Александр Федотов - Записки матроса с «Адмирала Фокина» (сборник)
– Вот, блин, чурка, – оторопело процедил Лёха, оглядываясь на вышку.
Я даже поёжился от осознания того, чем всё это могло кончиться. Я ни минуты не сомневался в том, что это сторожевое дитя гор не замедлило бы подтвердить свои слова делом.
– Сука, – выругался Лёха. – Ведь пальнул бы. А что ему, по уставу можно, а троих завалит – ему ещё и почетную грамоту дадут.
– А чего с него взять, он же по-русски не рубит, он с гор, наверное, за солью спустился, а его в военкомат загребли, – поделился своими соображениями морячок-карась.
Мы понимающе закивали головами.
Свинарник
Опоздавшему поросенку – сиська у попки.
(Правда)
Арестанты сгрудились на заснеженном плацу во дворе кичи.
– Становись! – пронеслась команда.
Мы бросились строиться для развода на работы. Развод происходил до смешного похоже на знаменитые «Приключения Шурика». Разводящий мичман, тоже, видимо, знакомый с этим шедевром отечественного киноискусства, подражая артисту Басову, только более приблатненным голосом протянул: – Ну, граждане алкоголики, тунеядцы, дебоширы, кто хочет поработать? На сегодня наряды (он зачитал по бумажке): овощная база – 6 человек, прачечная – 4 человека, хлебозавод – 5 человек, свинарник – 7 человек…
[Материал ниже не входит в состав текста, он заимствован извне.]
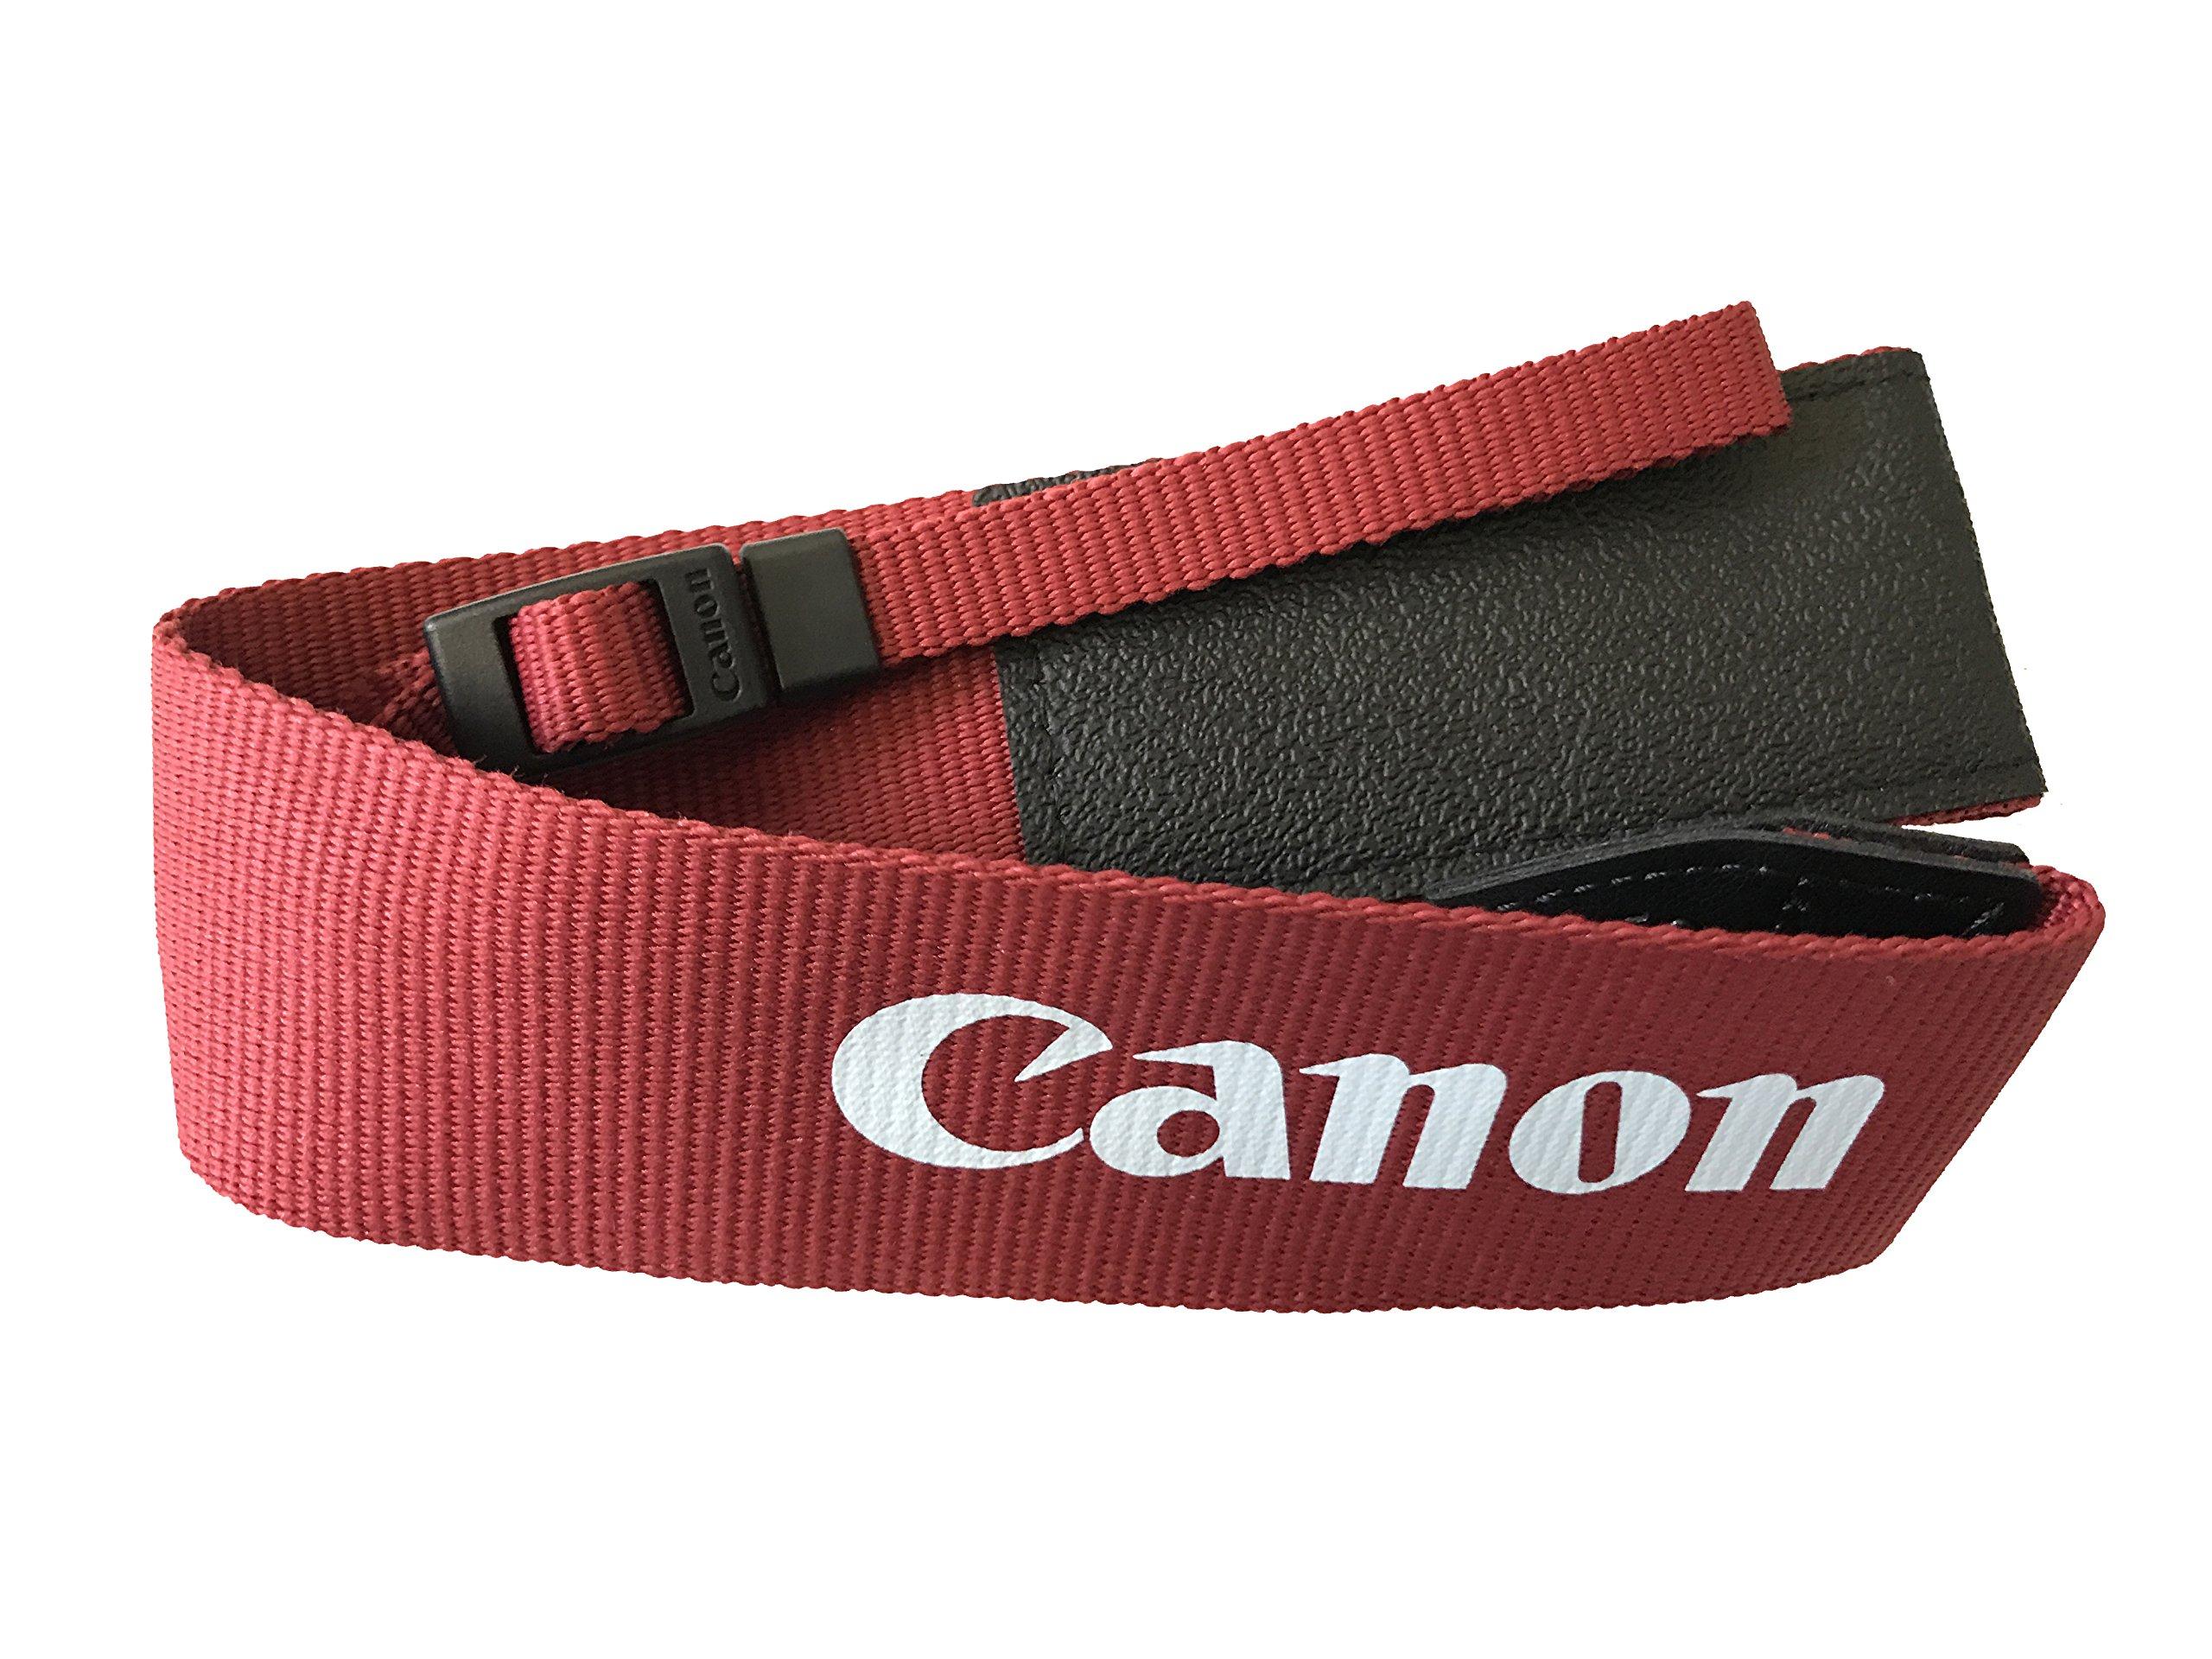 Canon Genuine Original OEM Pro Wide Neck Strap for Canon EOS Rebel T5, T6, SL1, T5i, T6i, T6s, 70D, 80D, 7D Mark II, 5D Mark III, 6D Digital SLR DSLR Cameras - Red Color

После оглашения всего списка, годки, как положено по статусу, попали на хозяйственные объекты для привилегированных флотских сословий: на овощную базу и хлебозавод. А нас, карасей, определили на то, что осталось, в моем случае – на чистку свинарника. По этому поводу я не особо переживал. Не плохо, конечно, на овощной базе арбузы погрызть, но говно за свиньями чистить – тоже органика. Мне даже стало как-то любопытно, вроде как экскурсия в зоопарк.
Нас погрузили на машину и под конвоем одного рябого карася из дежурного караула повезли на свинарник. Задача, которую поставили перед нами по прибытии на место, была предельно проста: шлангом отмыть деревянные загоны от поросячьего «помёта».
Рябой караульный, скучая, наблюдал за нами, брезгливо морщась от естественного запаха. Он расположился на ящике из-под бутылок, прислонив рядом свой автомат. Караульный оказался безобидным малым, не то, что тот отмороженный «чурка» на вышке. Он не тыкал в нас автоматом, но иногда всё же неуверенно возражал, когда мы курили или стреляли сигареты про запас у привыкших к нашей наглости работяг.
– Не положено. Если проверяющий заметит, меня же к вам посадят, – занудно ныл он.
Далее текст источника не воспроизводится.